To make sense of this, take the differential equation from the exercise: \( y'' - 2y' + y = e^x(1-6x) \). Here, \( e^x(1-6x) \) is the non-homogeneous component. Without it, the equation would be homogeneous, meaning it wouldn't be equal to anything but zero on the right side. Recognizing this allows us to approach solving the equation with methods specific to non-homogeneous equations.

Particular Solution

When we deal with non-homogeneous differential equations, we need to find a solution that specifically satisfies the non-homogeneous part - this is known as the *particular solution*. It's a function that you can plug into the equation that makes both sides equal, but it typically won't capture all possible behaviors of the system; that's where the general solution of the homogeneous part comes in.

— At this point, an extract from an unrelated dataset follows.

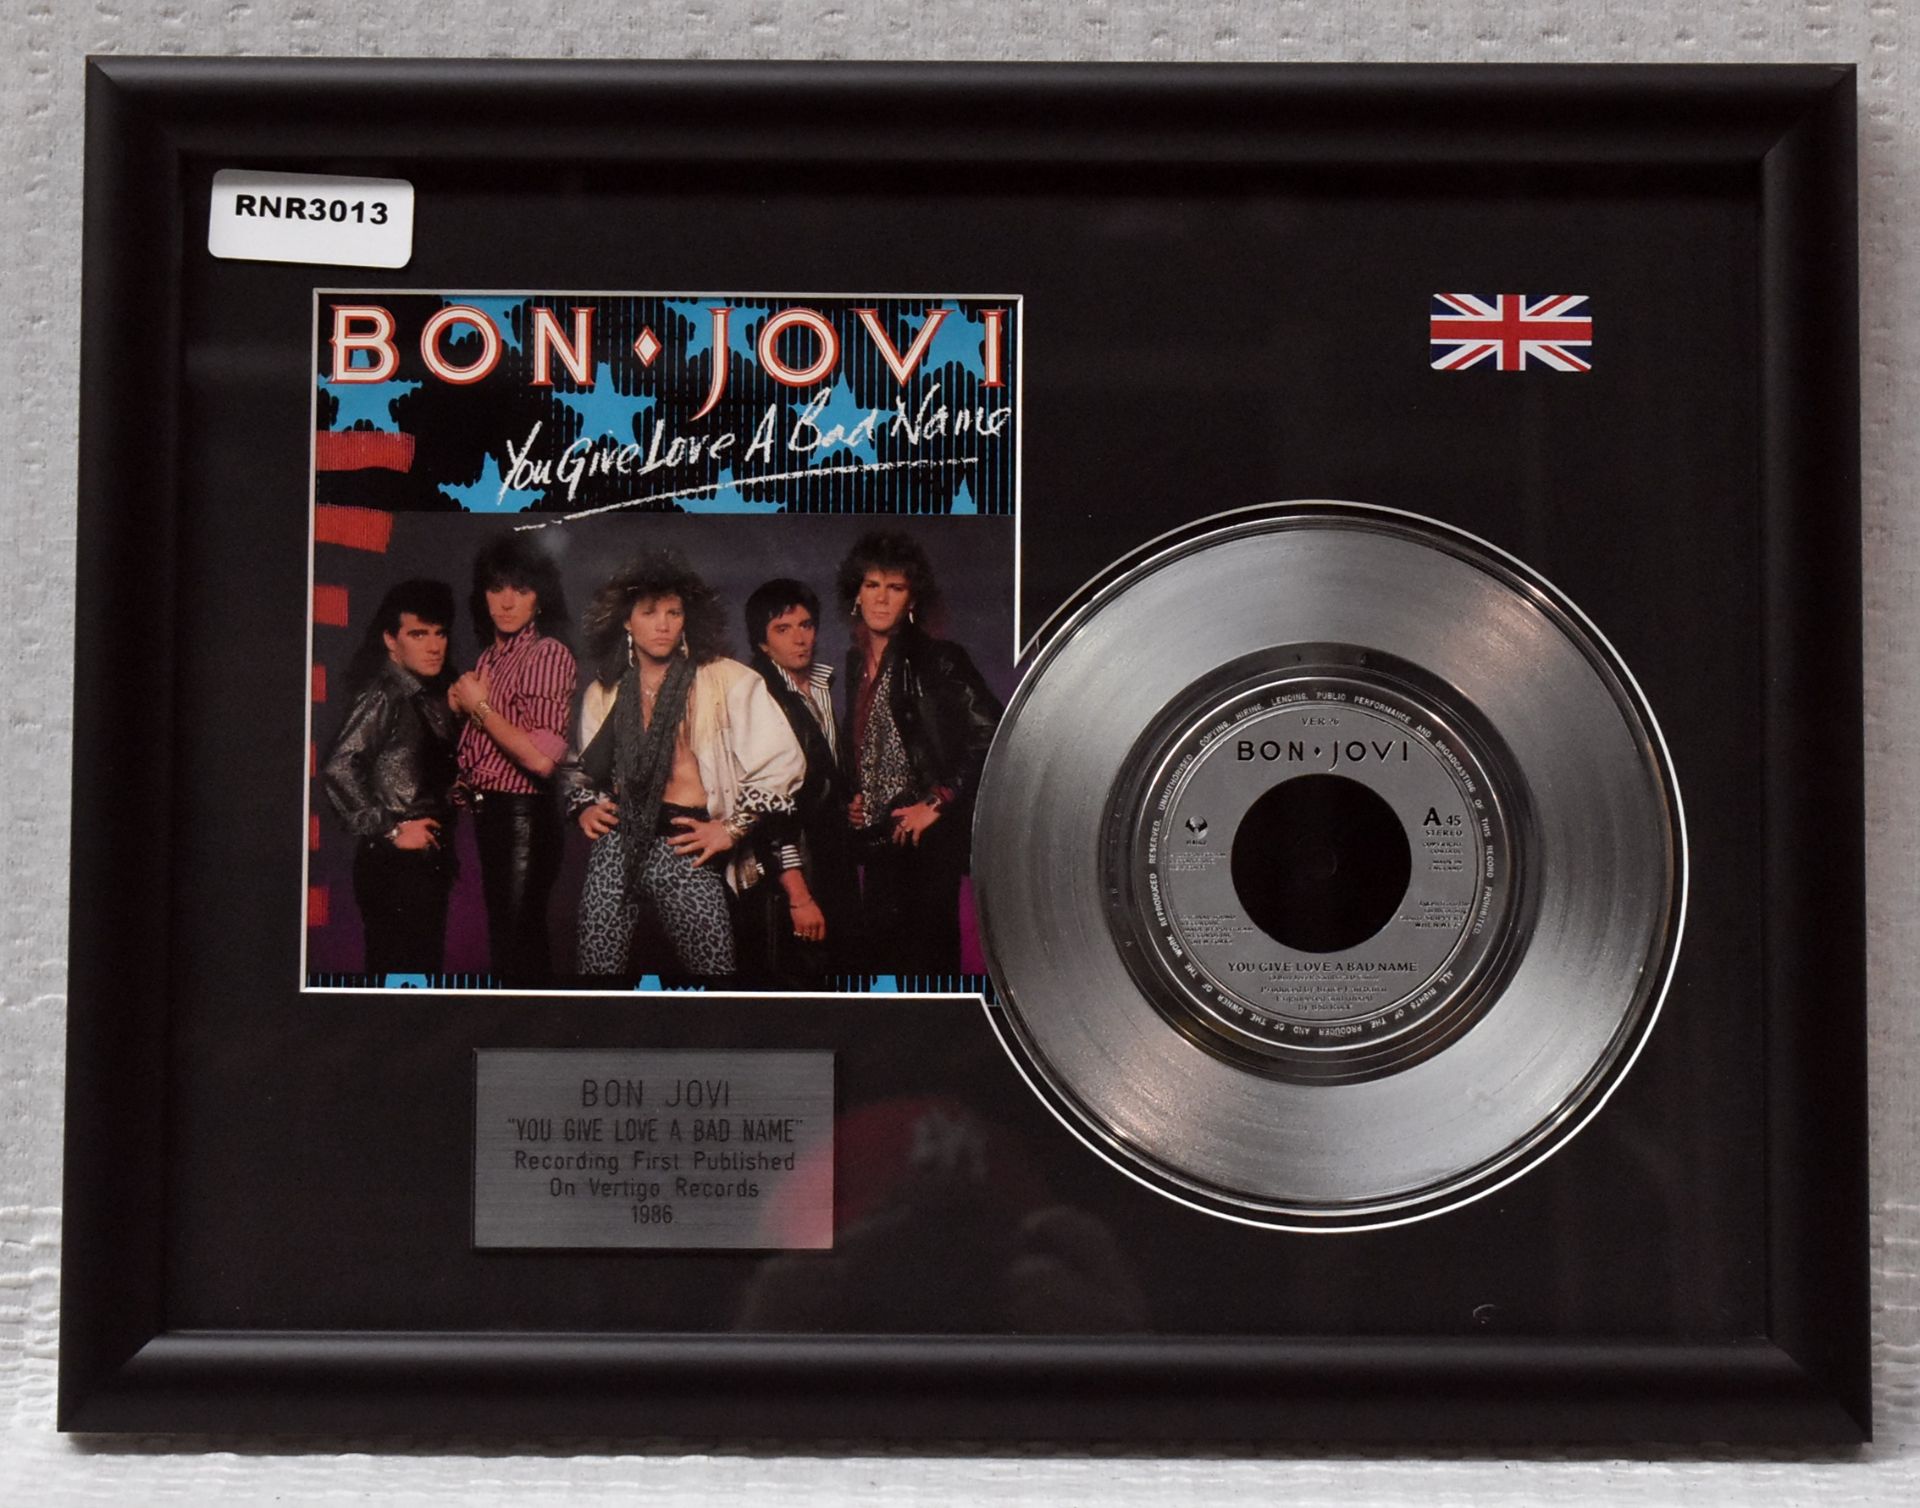 1 x BON JOVI - You Give Love A Bad Name On Vertigo Records Framed 7 Inch Vinyl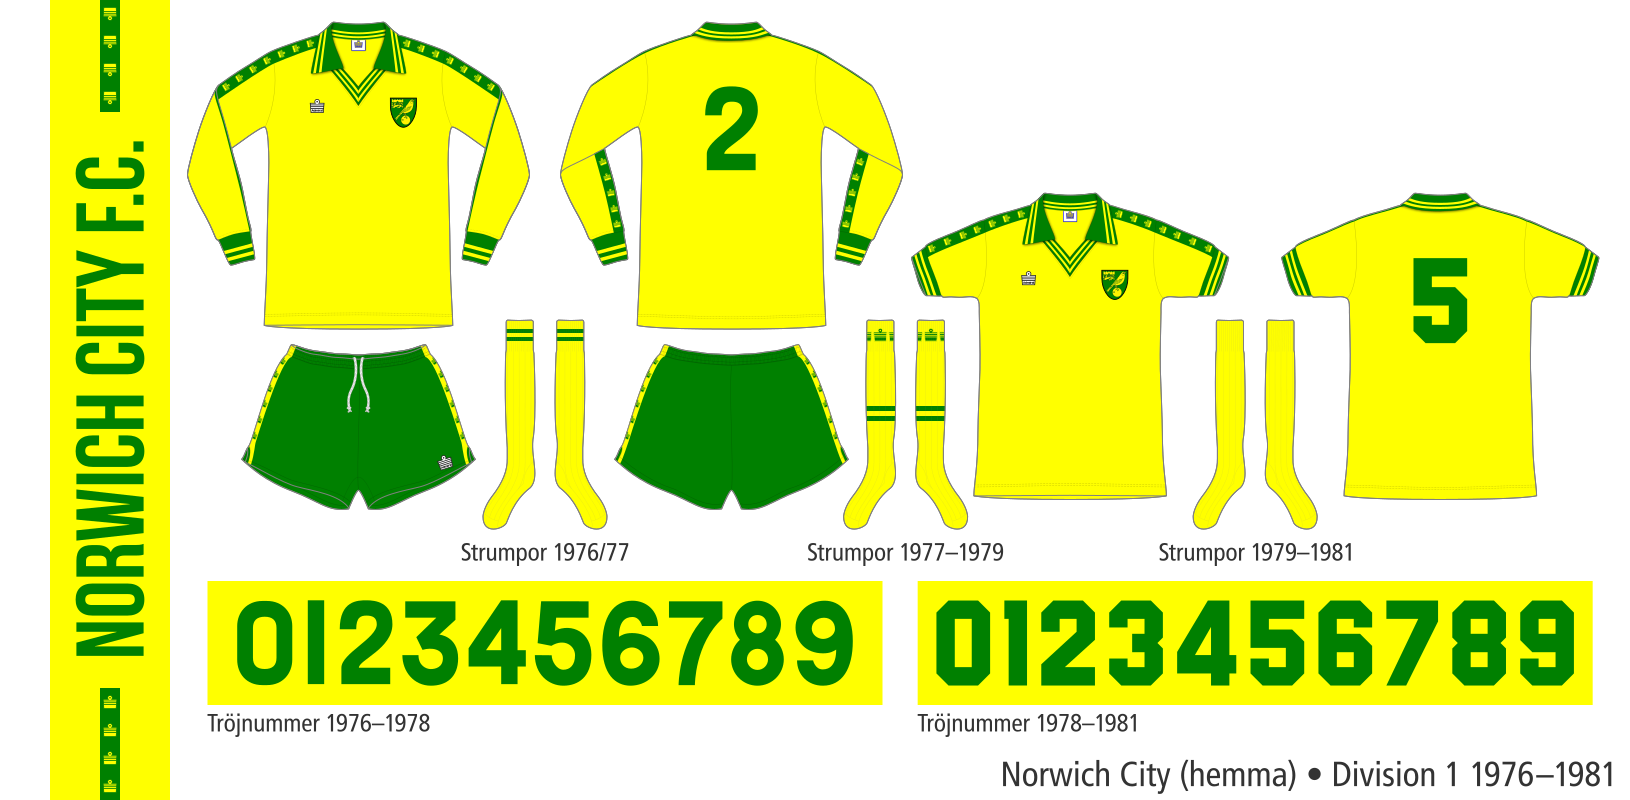 Norwich City 1976–1981 (hemma)

In our exercise, the particular solution we found is \( y_p(x) = xe^x \). Once identified, it works together with solutions of the homogeneous part to form the complete solution of the differential equation. This demonstrates the necessity to experiment with forms of functions, such as polynomials, exponentials, or combinations thereof, to find a viable particular solution.

Undetermined Coefficients

The method of undetermined coefficients is a systematic approach for finding a particular solution when dealing with linear differential equations with constant coefficients. The technique involves "guessing" the form of a particular solution based on the non-homogeneous term and then determining the specific coefficients that make it work through substitution into the original equation.

In our exercise, the guess was \( y_p(x)=Axe^x+Be^x \). Here, \( A \) and \( B \) are the undetermined coefficients we solve for. By computing derivatives of our guessed function and substituting them back into the original differential equation, we match coefficients to solve for these unknowns. This process may involve simple algebraic manipulation and matching similar terms on both sides of the equation.

Second Order Differential Equation

Second order differential equations are those in which the highest derivative is the second derivative. These types of equations are prevalent across various domains due to their ability to describe phenomena involving acceleration, curvature, and other dimensions of dynamical systems.

For instance, the given differential equation in our exercise: \( y'' - 2y' + y = e^x(1-6x) \), is a second-order equation. Here, \( y'' \) represents the second derivative, which involves changes in the rate of the rate of change of the original function. This aspect makes them intriguing yet challenging, requiring robust techniques such as undetermined coefficients to solve fully. Understanding such equations is a cornerstone in the study of differential equations, providing insights into modeling and solving real-world problems.